Overriding a resource defined in a class

Question

I want to manage a pool of SSH public keys with puppet. I'm not sure I'm doing this right but here is how it works for now :

I have a class mysshd with a manifest containing every configuration of SSH server I want. Besides, there's another manifest containing all the public keys as "ssh_athorized_keys" resources.

For the moment, I wanted all of them to be registered, so they have "ensure => present" in the manifest. So each node loaded the convenient mysshd class and that's it.

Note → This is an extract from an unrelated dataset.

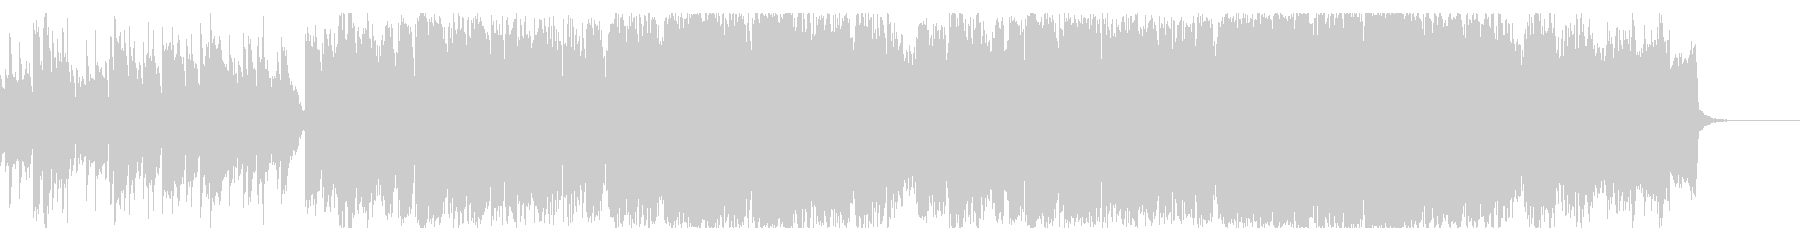 ドラマチックな和風オーケストラBGMの未再生の波形

But now, I would like to define ALL the public keys of my users in this manifest, with "ensure => absent". Then, in my node.pp, for each node, I would like to put the value "ensure" to "present" for each resource ssh_authorized_keys if I want to.

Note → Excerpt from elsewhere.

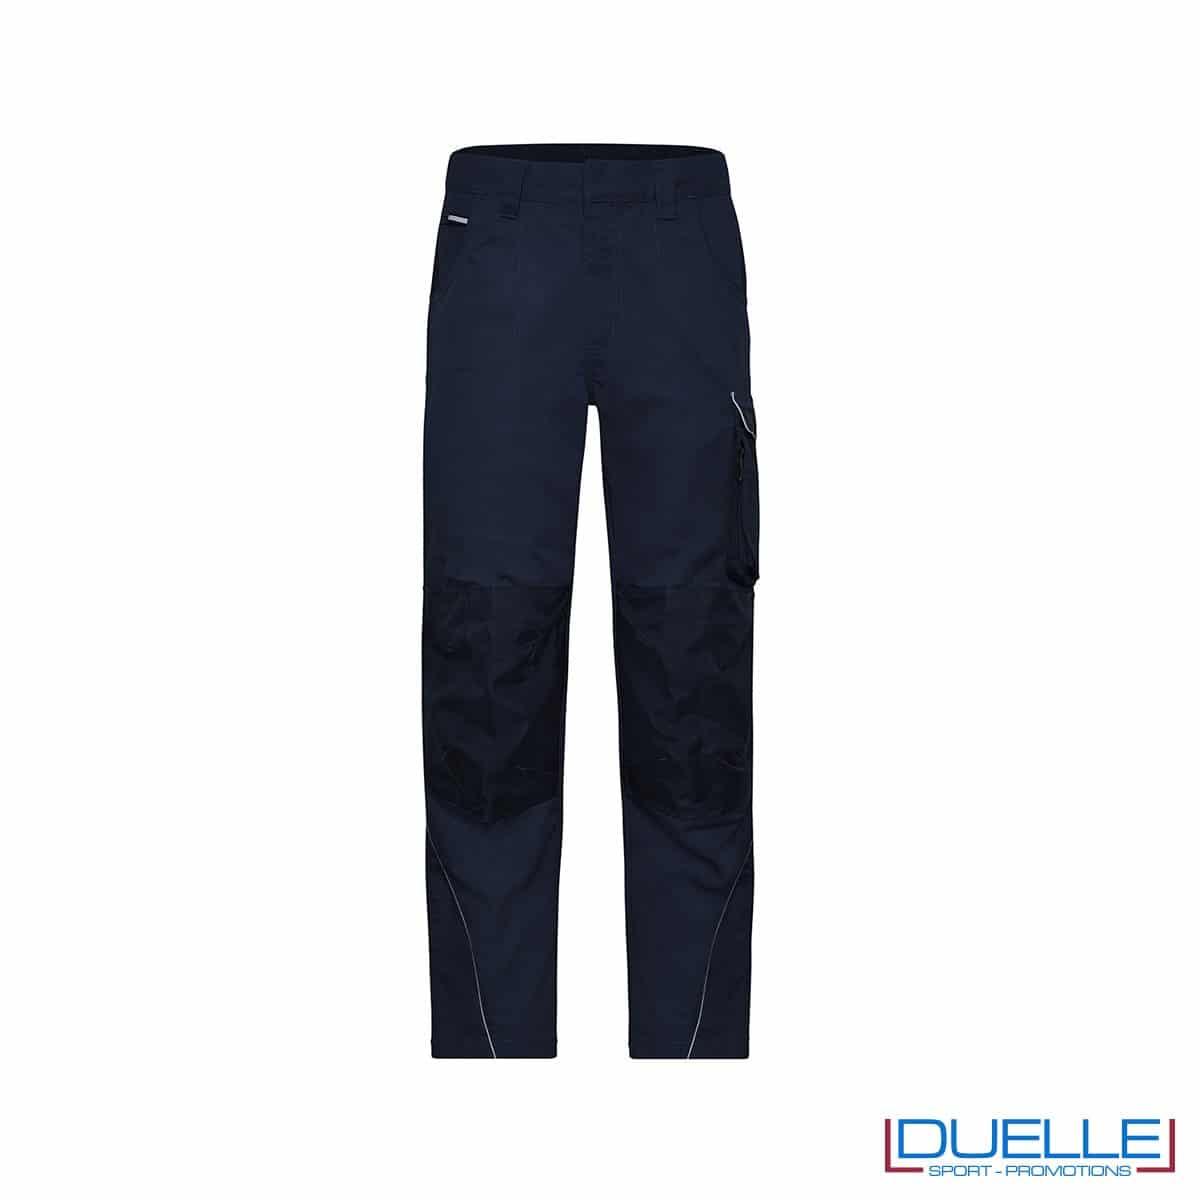 pantalone lungo da lavoro personalizzato in colore blu navy

I tried to override the "ensure" parameter for some resources inside a class, but surely I missed a point, and I couldn't figure out the way to do this.

Can you help me ?

Some more details :

In : modules/iuem-sshd/manifests/publickeys.pp', there is my list of pub keys :

ssh_authorized_key{'gab':
        key => 'AAAAB3NzaC1yc2EAAAABIwAAAQEAugG5p+SHmDm8OKdKifipUuK/TIbVXgQXm5ee//Cne+2QU9gctxOechyptT0oNh57rXUDShHpkNToC6r1ZvPLpxae2p2kBWJl5O2u1ov9/L8eWSvCFlVFc/gicH1wWG9vrlh7gXGGrAb6rVJ97XVDNkDmmF43W+Z8p8AjRtzE4b9Z3ZGGgPbBaPHPybBogs3wP3d5cyaLqlQgjJQXdkWkaVq8ApWLnan34O1sZVimcD6TVVSBZ1PmnSZfchxYq56xMnI+GpYvvi0dw+JU9aS+br4g1K5LtxFlxp4YlKGlQByrFdhn21z3VRnDrPWomgQHvdyzTUqwIs7AKvmPbQX+kQ==',
        name => 'Nicolas',
        ensure => absent,
        type => "ssh-rsa",
        user => root,
}

it is imported by init.pp which does other configs on ssh server.

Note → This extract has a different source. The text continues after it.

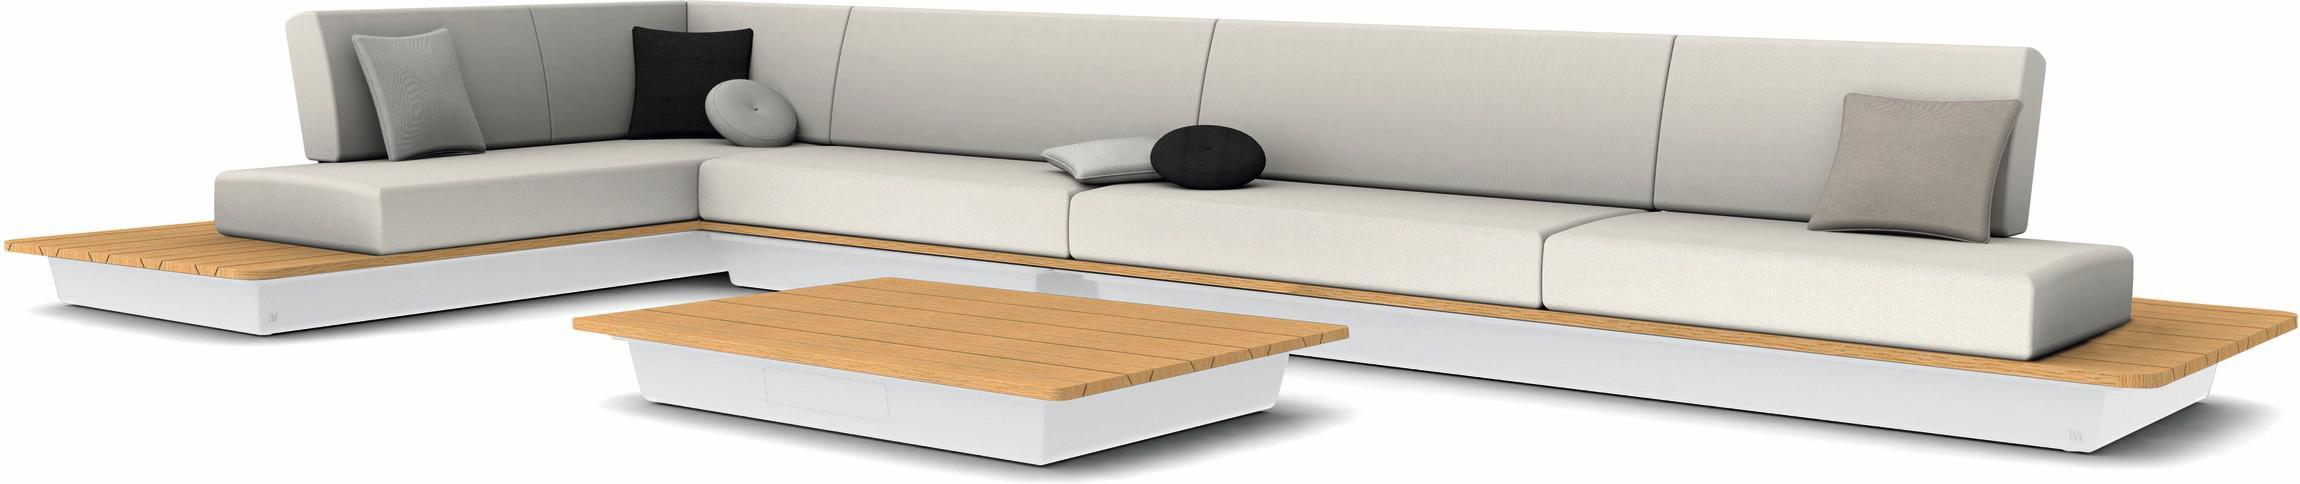 Air concept 2 - blanc - plateau bois d'iroko

In the node configuration, I load the class iuem-ssh :

class {'iuem-sshd': }

but I would like to override the setting : ensure => present and user => lagaffe for instance.

Thanks,

Jonathan

Answer 1

It sounds like this is a use case for virtual resources

You can define all of your ssh_authorized_keys in one place, and then only realize them where you need them.